(EXERCISE DATA)

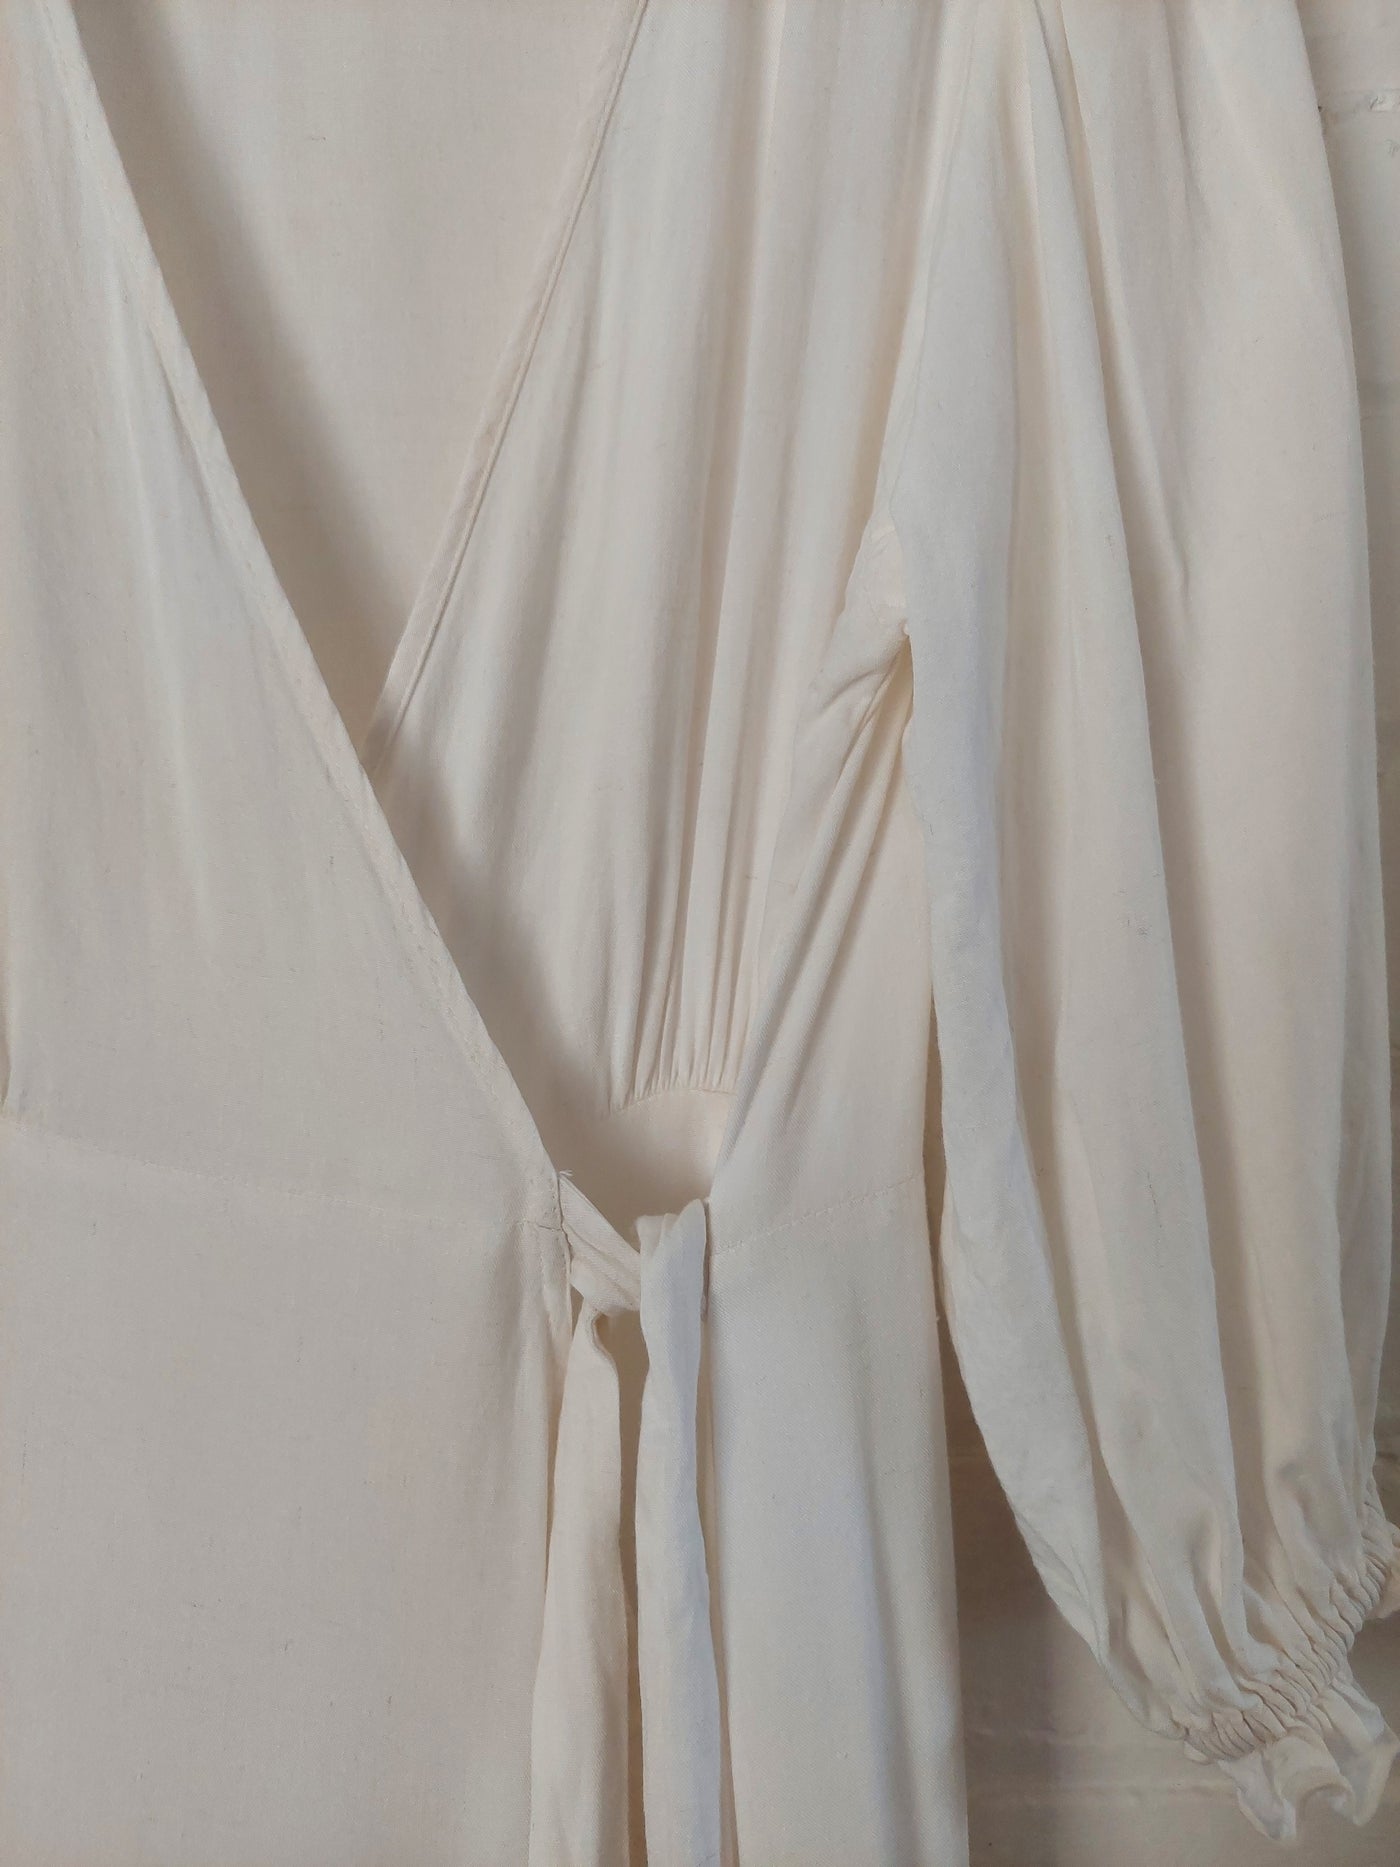 Bird & Kite Jude Wrap Dress in Natural Linen blend, Size M (12)
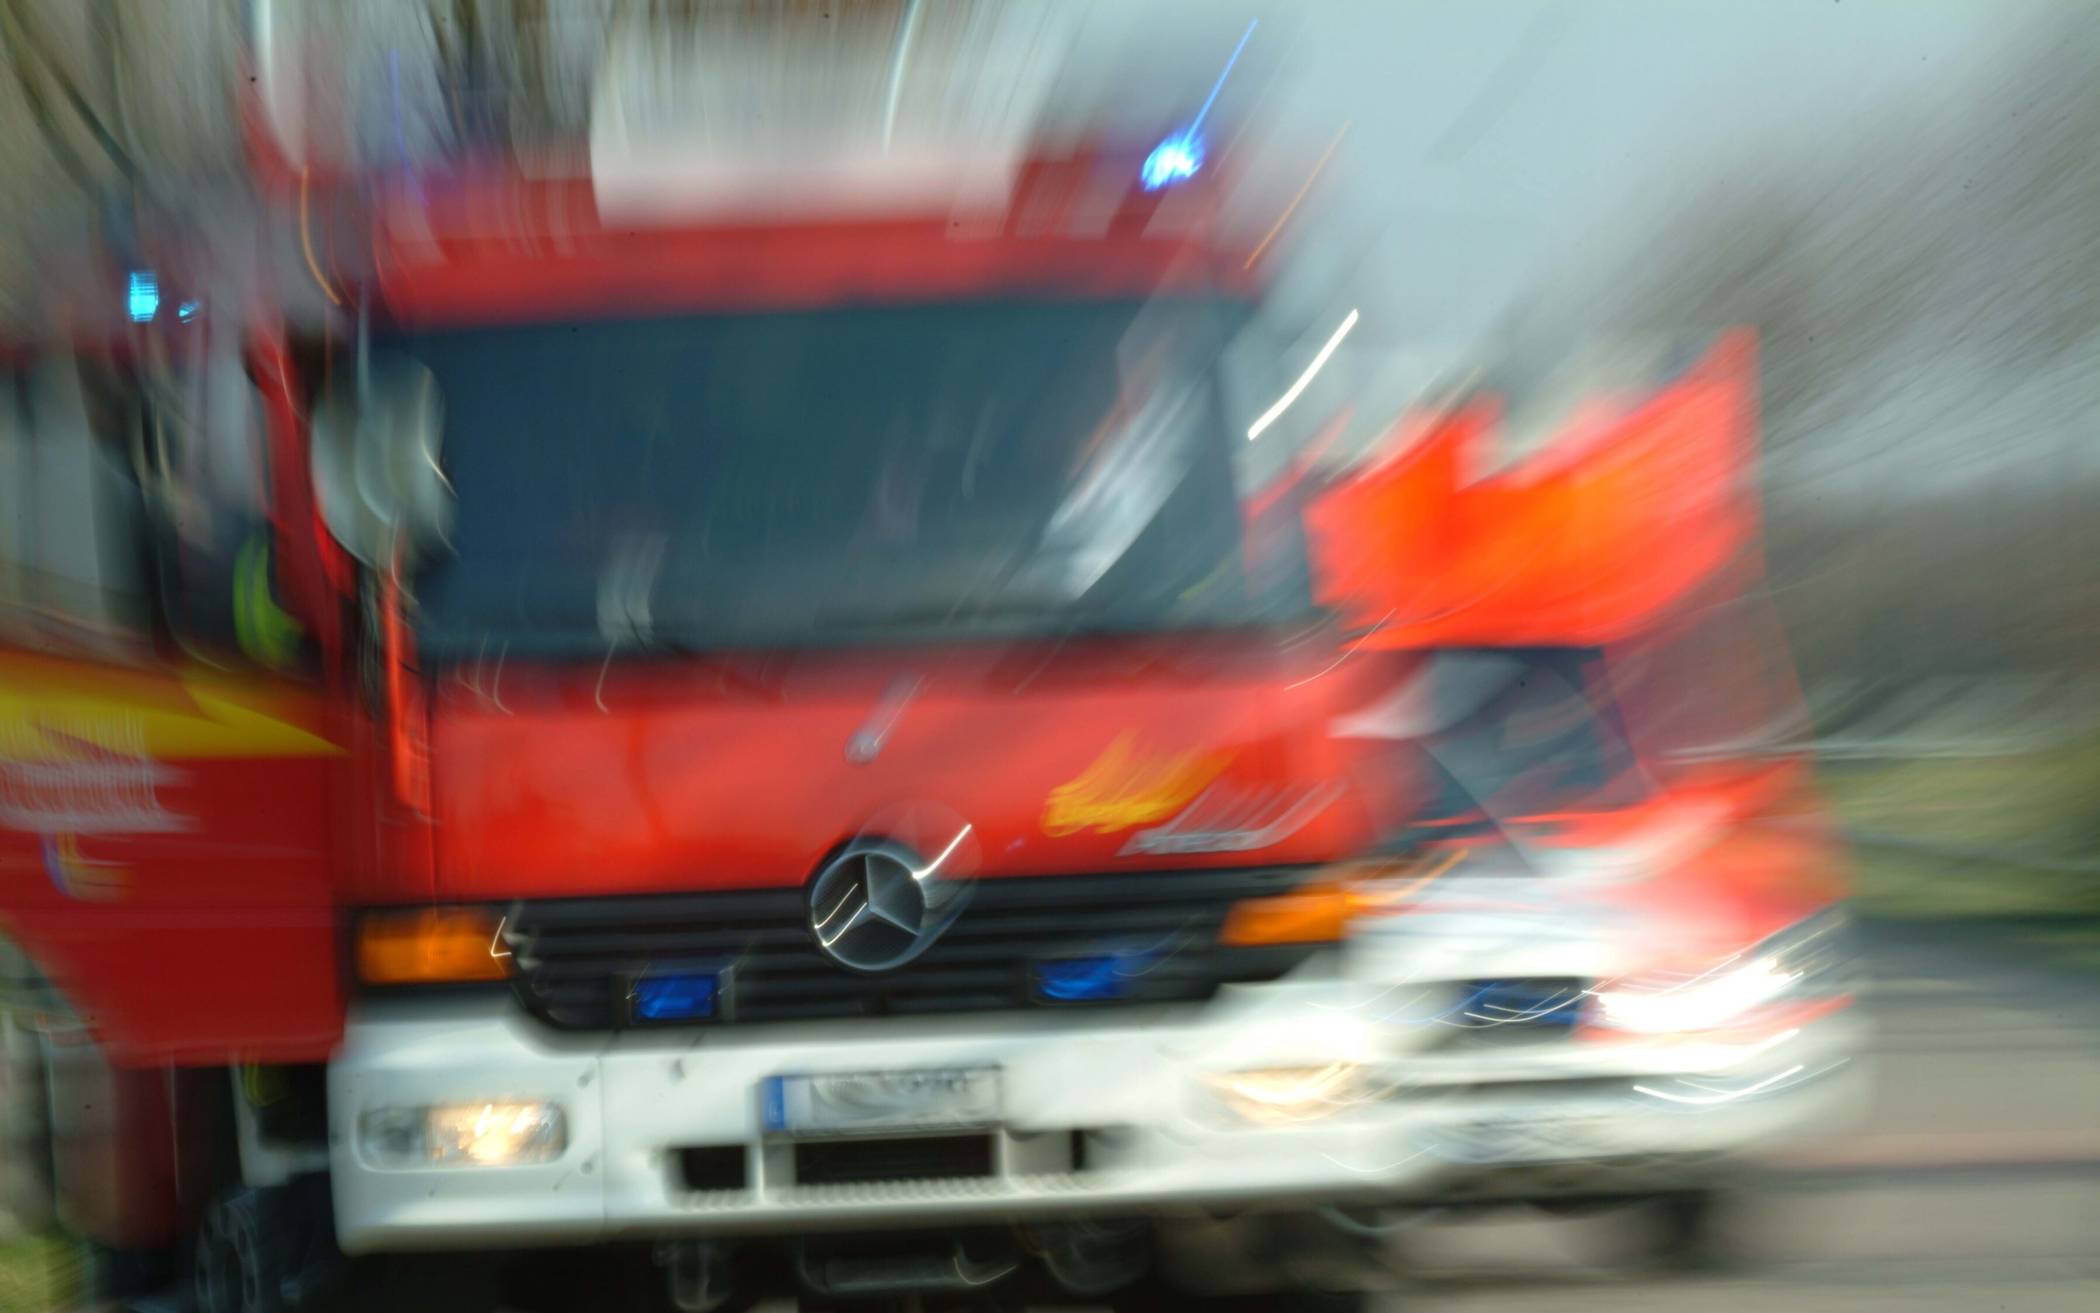 Kinderwagen gerät im Treppenhaus in Brand
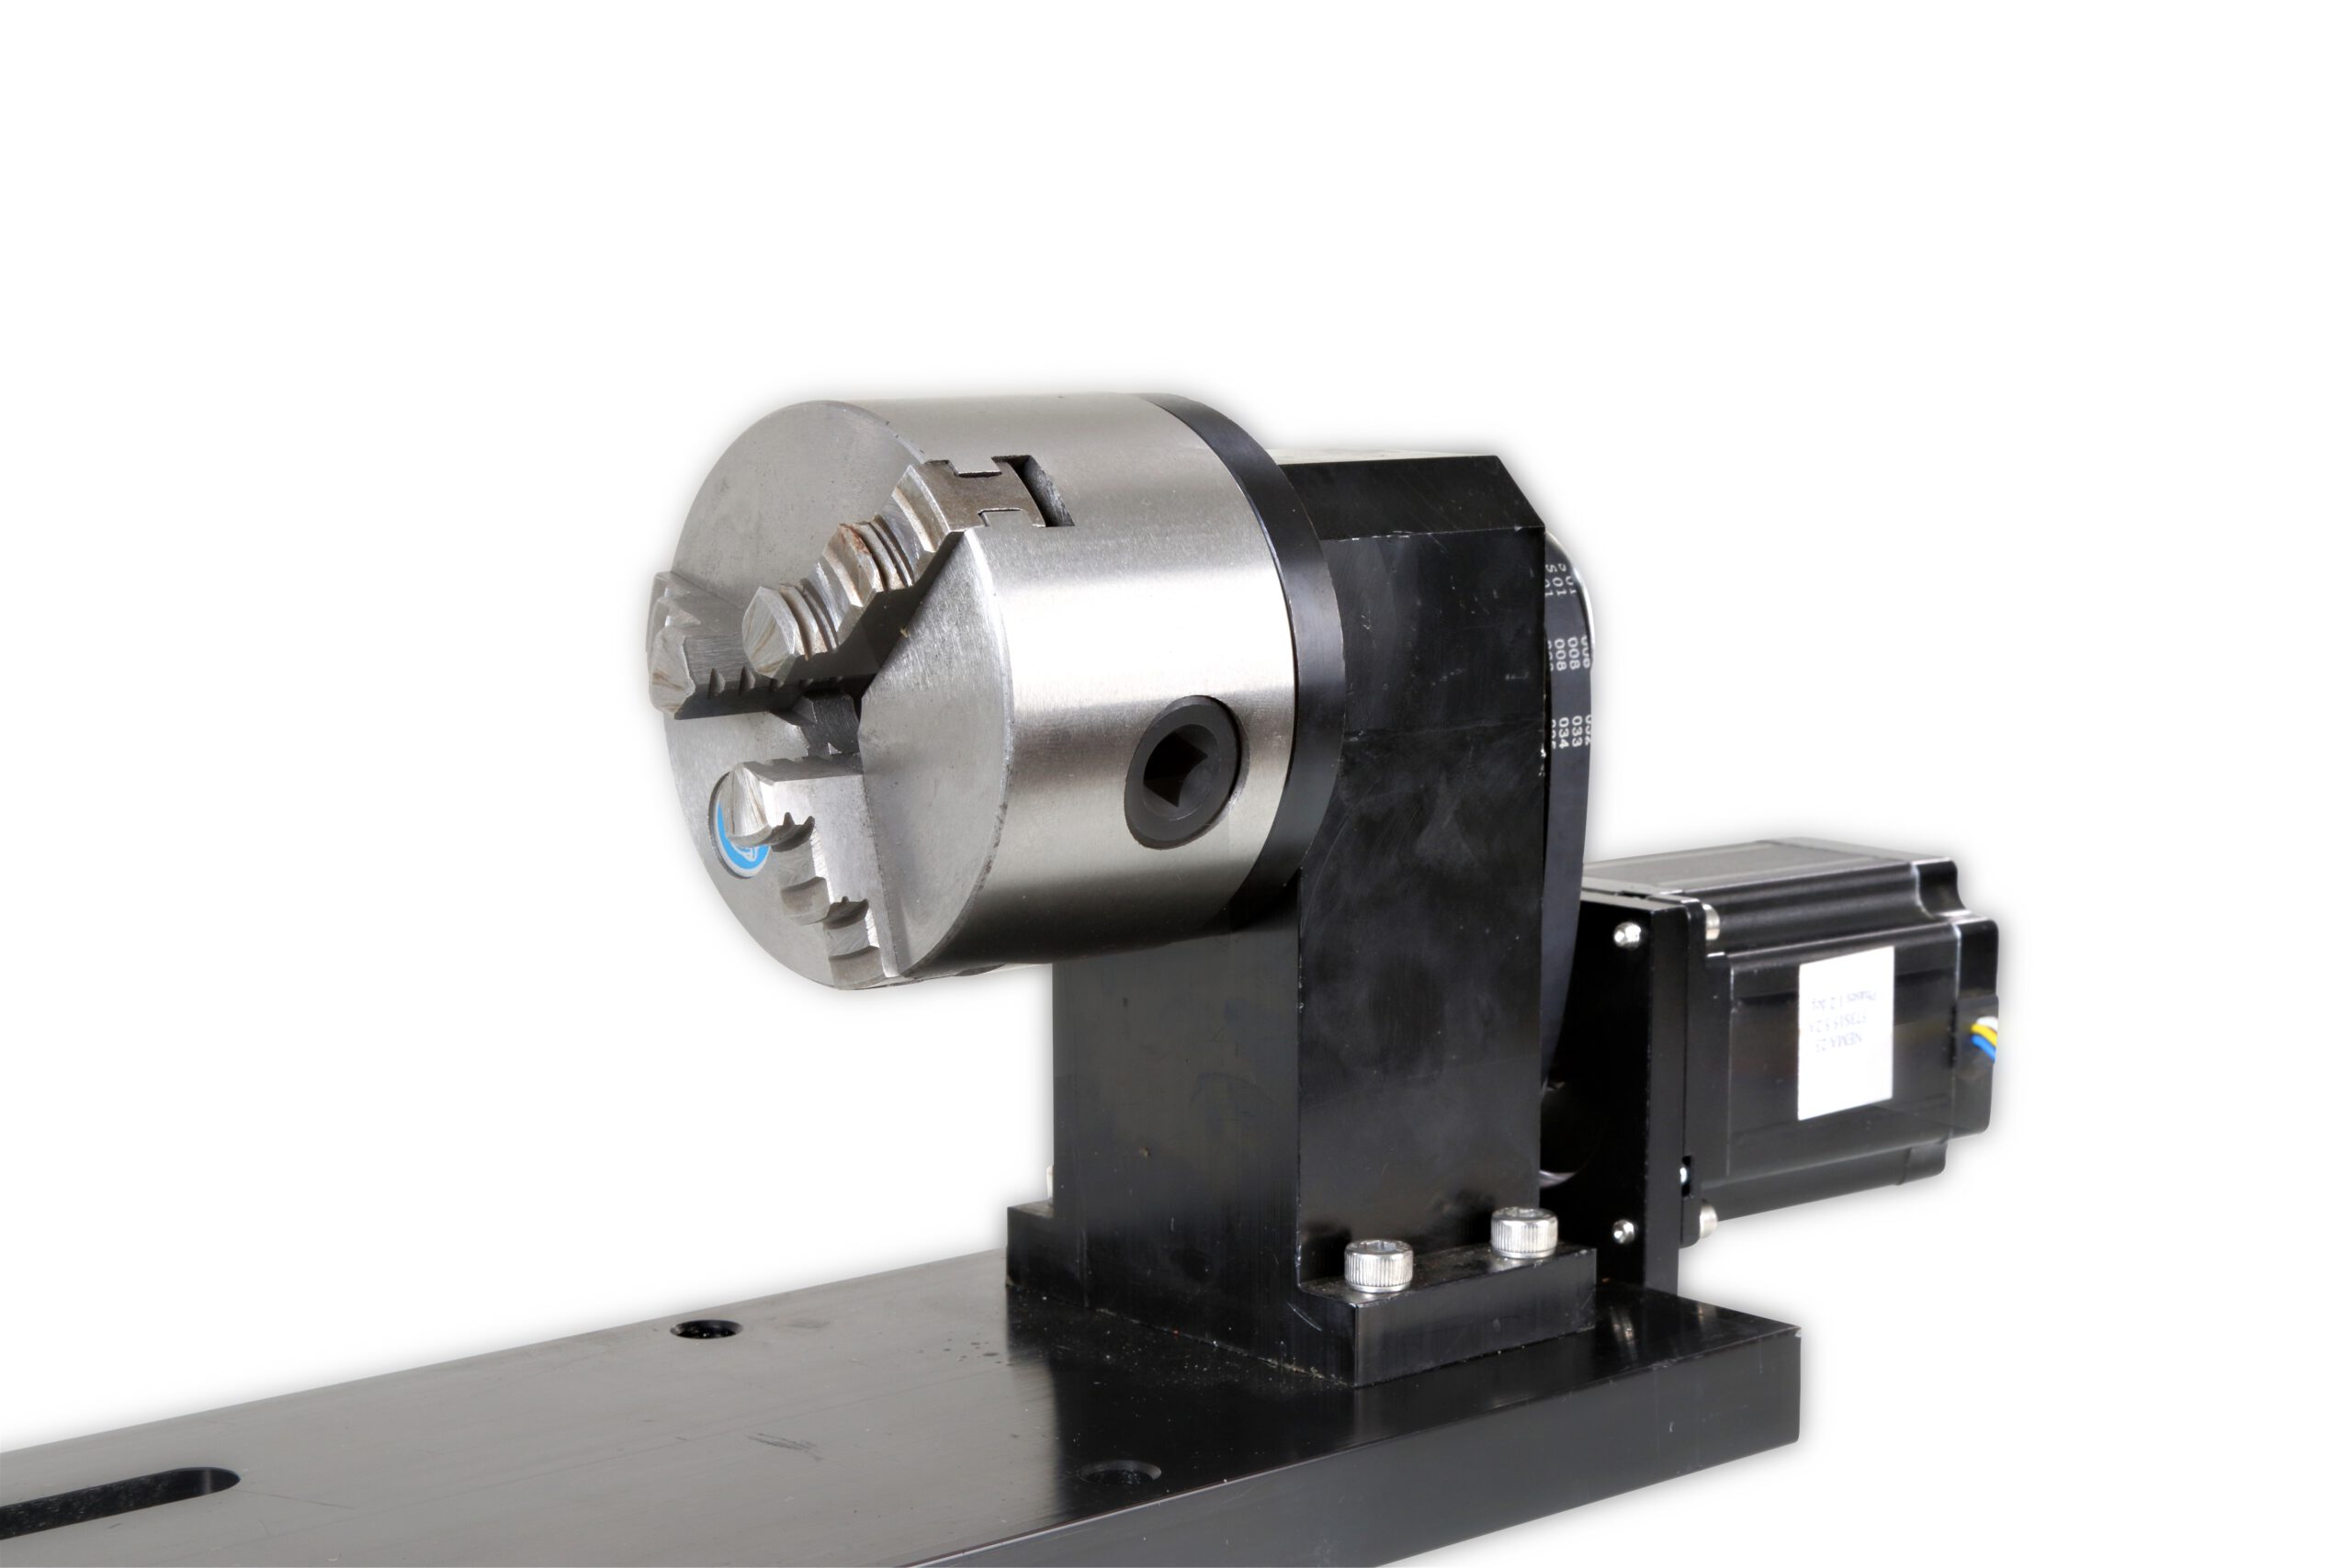 περιστροφικό μηχανικό σύστημα για χάραξη με laser

(End EXERCISE DATA)

Return the material exactly as it reads, though without the pictures it holds.

EXERCISE RESULT:
 Bird & Kite Jude Wrap Dress in Natural Linen blend, Size M (12)
 Kinderwagen gerät im Treppenhaus in Brand
 περιστροφικό μηχανικό σύστημα για χάραξη με laser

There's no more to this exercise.